金での資産運用!メリット・デメリットから始め方までまとめ

投資初心者向け!金投資は方法を選べば手間いらずで始められる

金咲ババロア
こんにちは!
本サイト管理人の金咲ババロアです!

昔から資産運用のリスク分散先として多くの投資者の支持を得てきた、金投資。

近年の株価大暴落時には市場の値動きに反して価格が大きく上昇し、その投資効果が大きく評価されました。

そこで今回はこれから金での資産運用をお考えの方のために、金投資とは何か?資産運用で利用するメリット・デメリット~種類と始め方までまとめて紹介!

資産運用で金を活用し、上手にリスク資産運用資産運用分散していきたいとお考えの方は必見のコンテンツです。

この記事で分かること

  1. 金とはなにか?その概要をチェック
  2. 金での資産運用のメリット・デメリットを完全網羅
  3. 金投資の種類と始め方をわかりやすく説明!
  4. 参考にしたい!金投資関連ブログ3選

金投資とは?

その名の通り金投資とは、金(ゴールド)に投資することを言います。

金投資と言っても、金の延べ棒や金貨をまとめて購入し金庫に保管しておく方法以外にも、毎月定額を積み立て購入したり、金を投資対象とするファンドを購入したりとその方法は様々。

金投資の特徴は、株券等と異なり意図的に発行することが出来ない自然資産であり、埋蔵量に限りがあるため無価値になりにくいこと

通常時にはそこまで大きな価格変動は起きませんが、株価暴落時など有事の際には通貨や市場に対する不安から価値が揺らぎにくい金の需要が高まり、大きく価格が跳ね上がることがあります。

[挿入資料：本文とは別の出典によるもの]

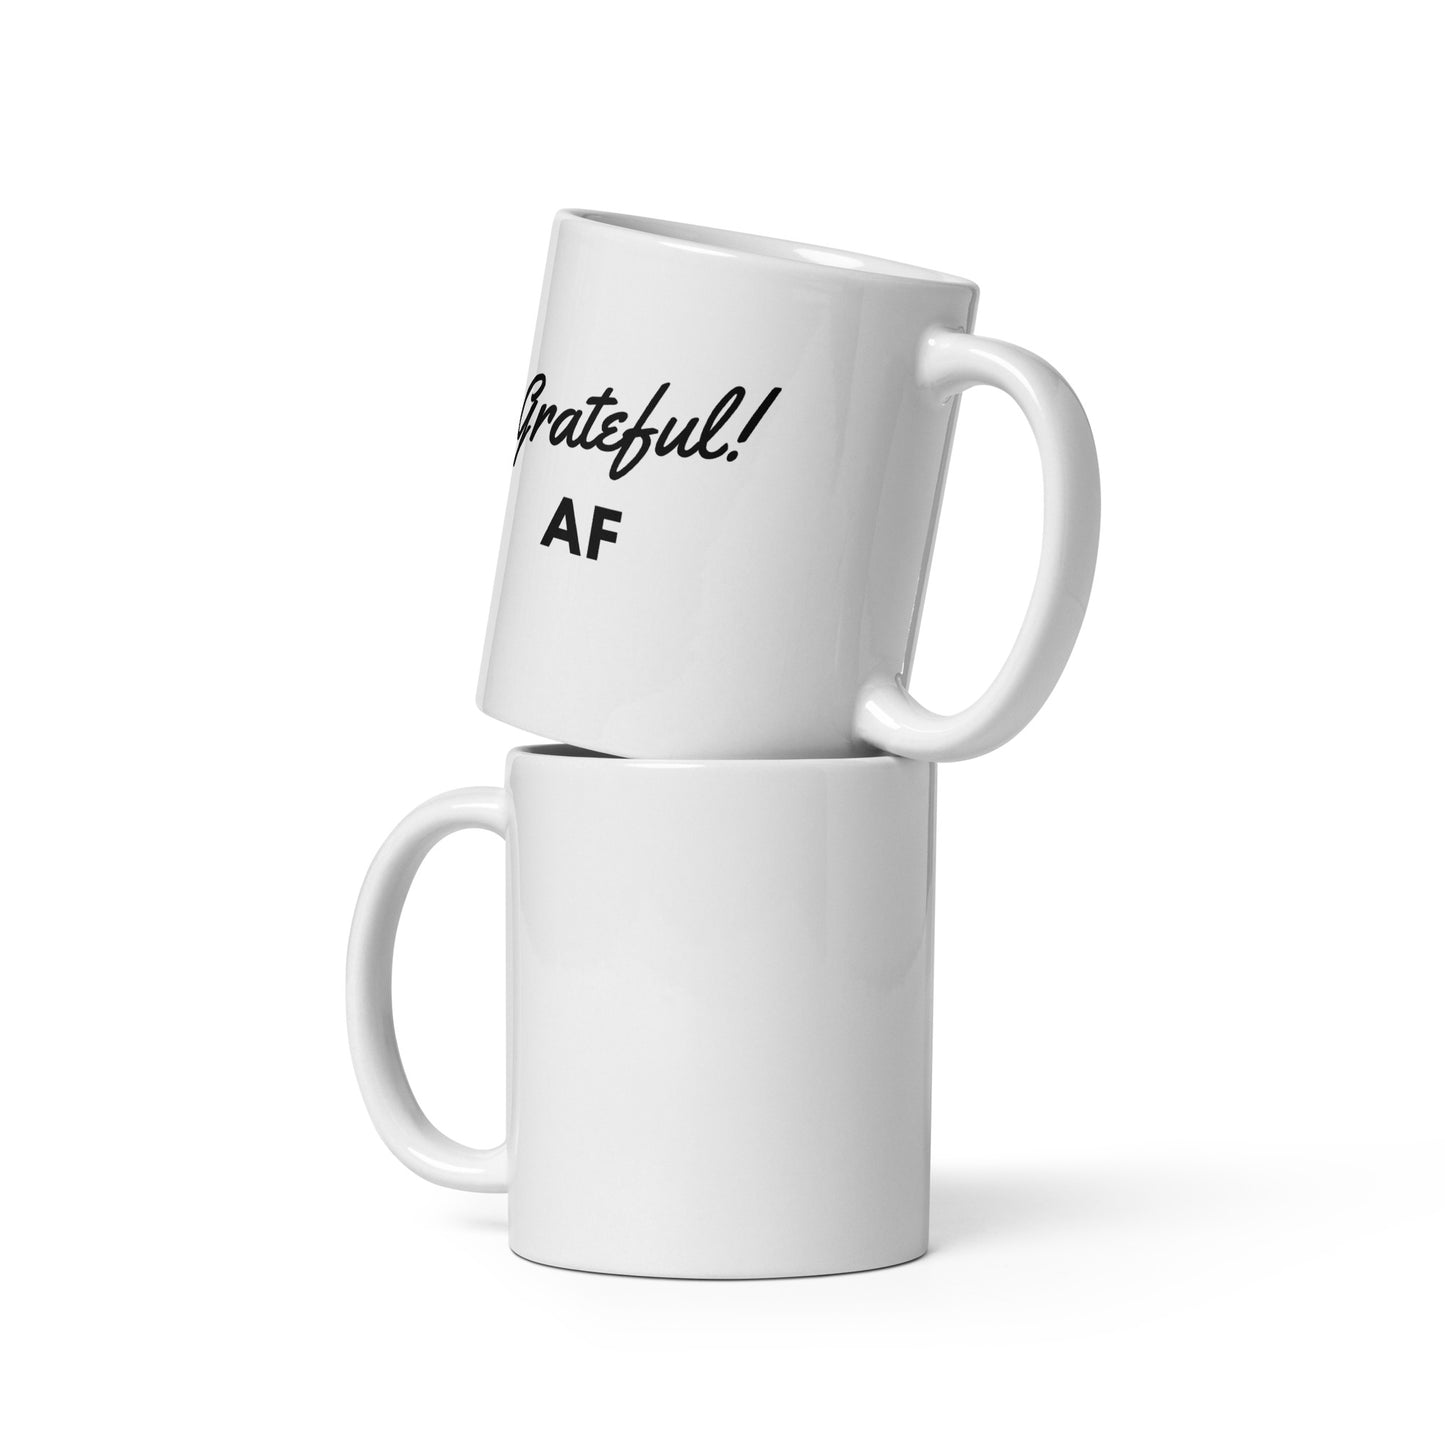 Grateful AF - White glossy mug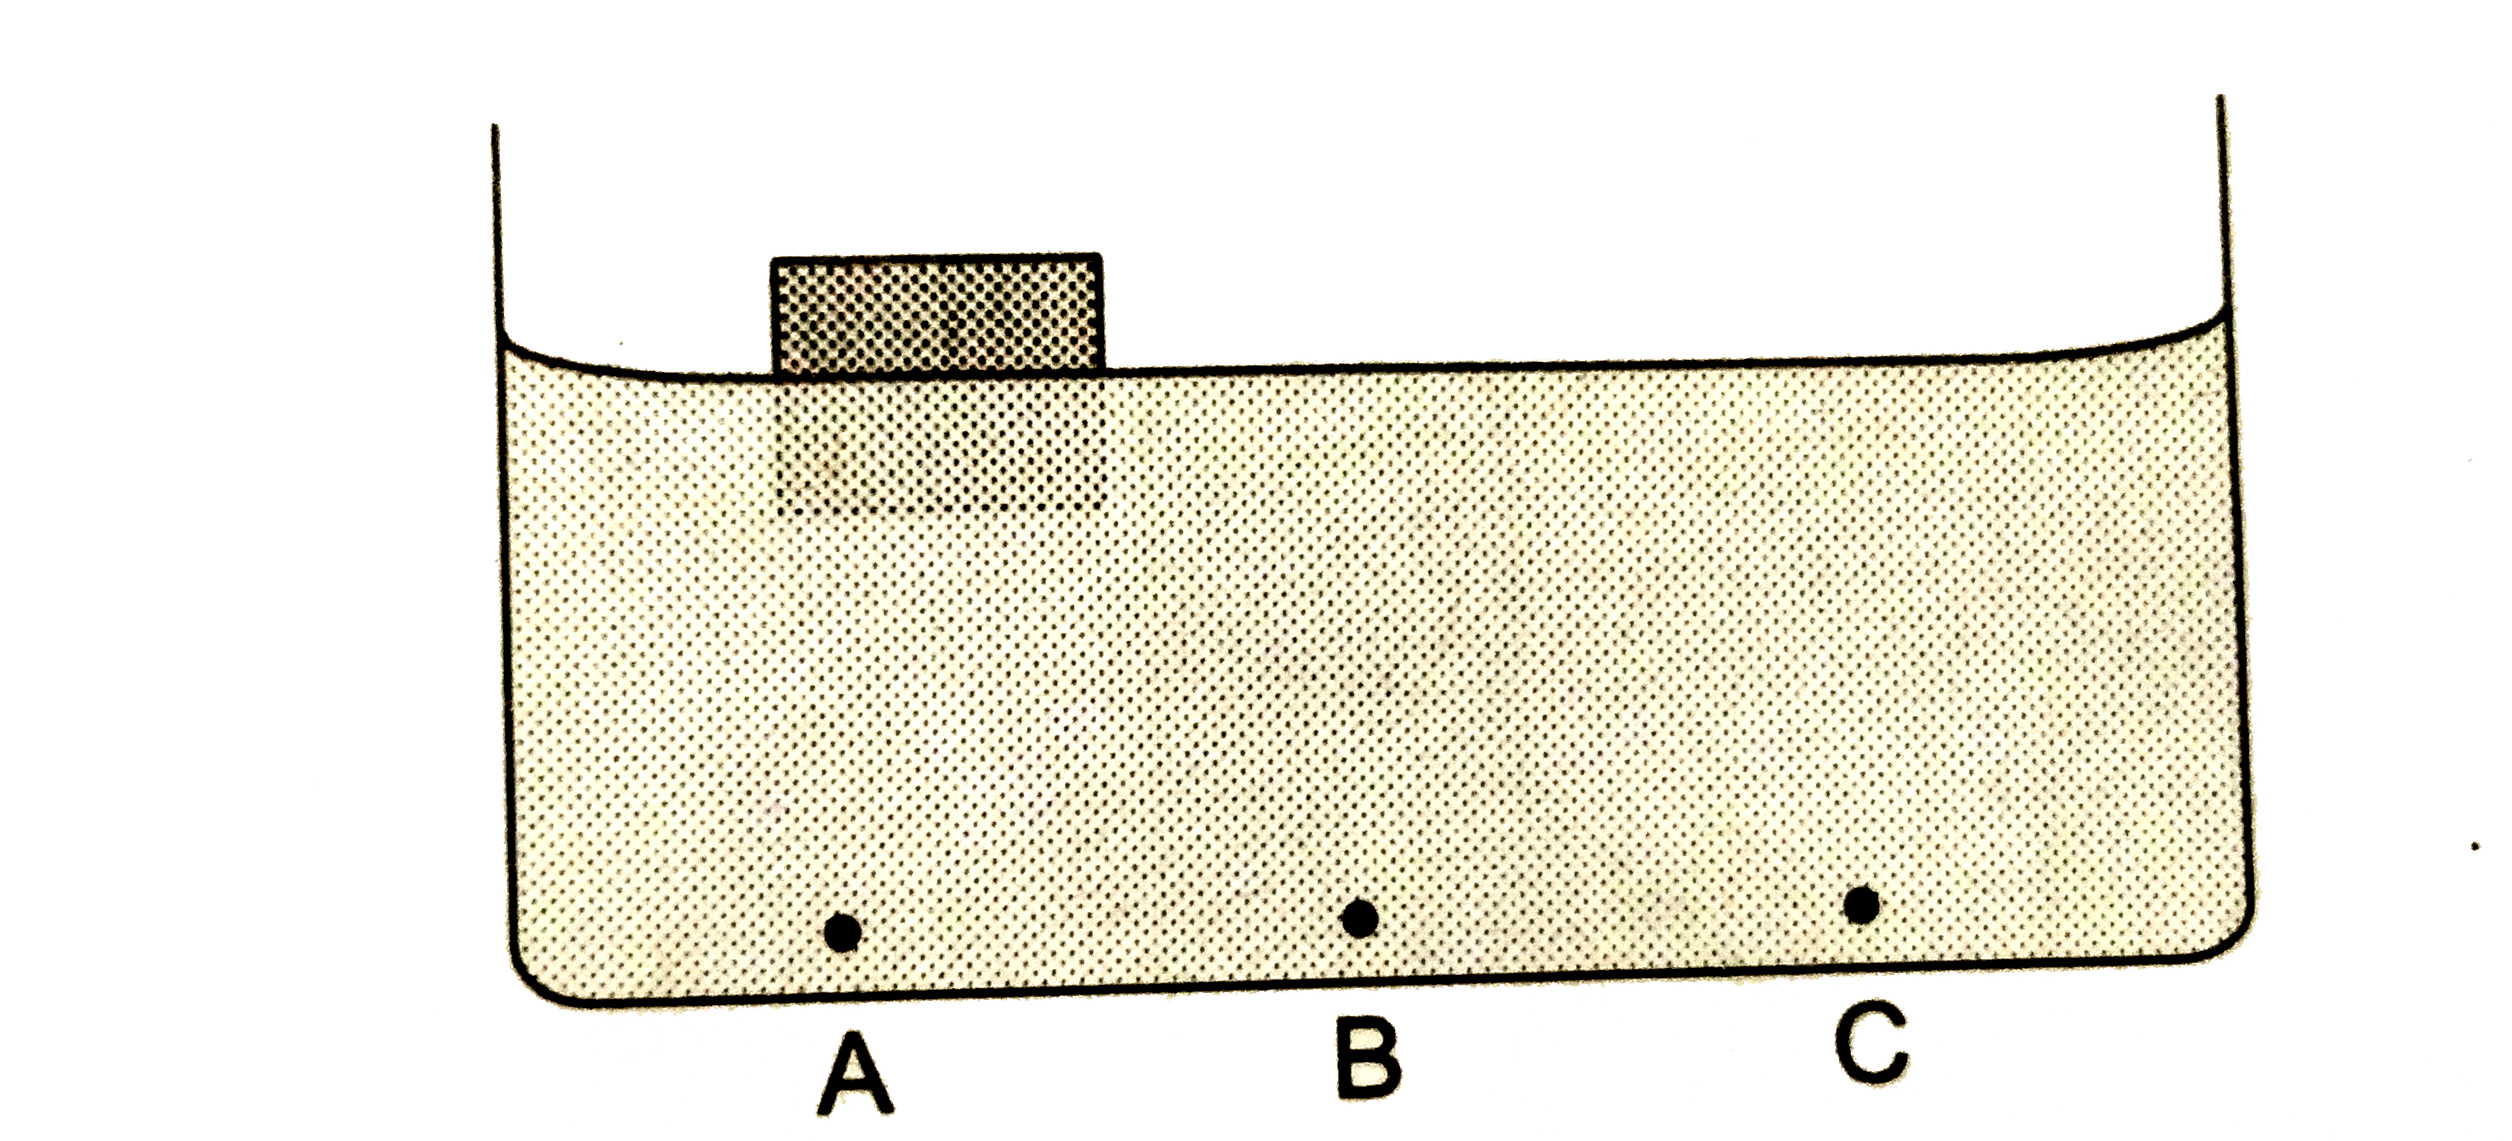 एक बीकर में रखे गए पानी में प्लास्टिक का एक ढक्कन तैर रहा है | वह भी कर के मध्य से एक ओर खिसका हुआ है | चित्र 24.Q3 में बीकर की पेंदी पर तीन बिंदु A,B,C दिखाए गए हैं, जहां दाब क्रमशः P(A),P(B)

株式1本での資産運用よりも、資産の数%を金で運用しておけば下落相場時にも金の上昇分でうまく相殺され、資産の損失リスクを上手にコントロールできます。

資産運用に利用するメリット・デメリット

さて、続けては資産運用でそんな金投資を利用するメリット・デメリットをまとめていきます。

まずは、以下資産運用で金投資を利用するメリット3つを紹介しますね。

メリット1.埋蔵量に限りがあり無価値にならない

地球上に埋蔵されている残りの金は4万2000トン程度で、年間3000トンベースで採掘がす進んでいることを考えると、後14年ほどで地球上で人間が採掘できる金はほぼ採掘しきってしまう計算に。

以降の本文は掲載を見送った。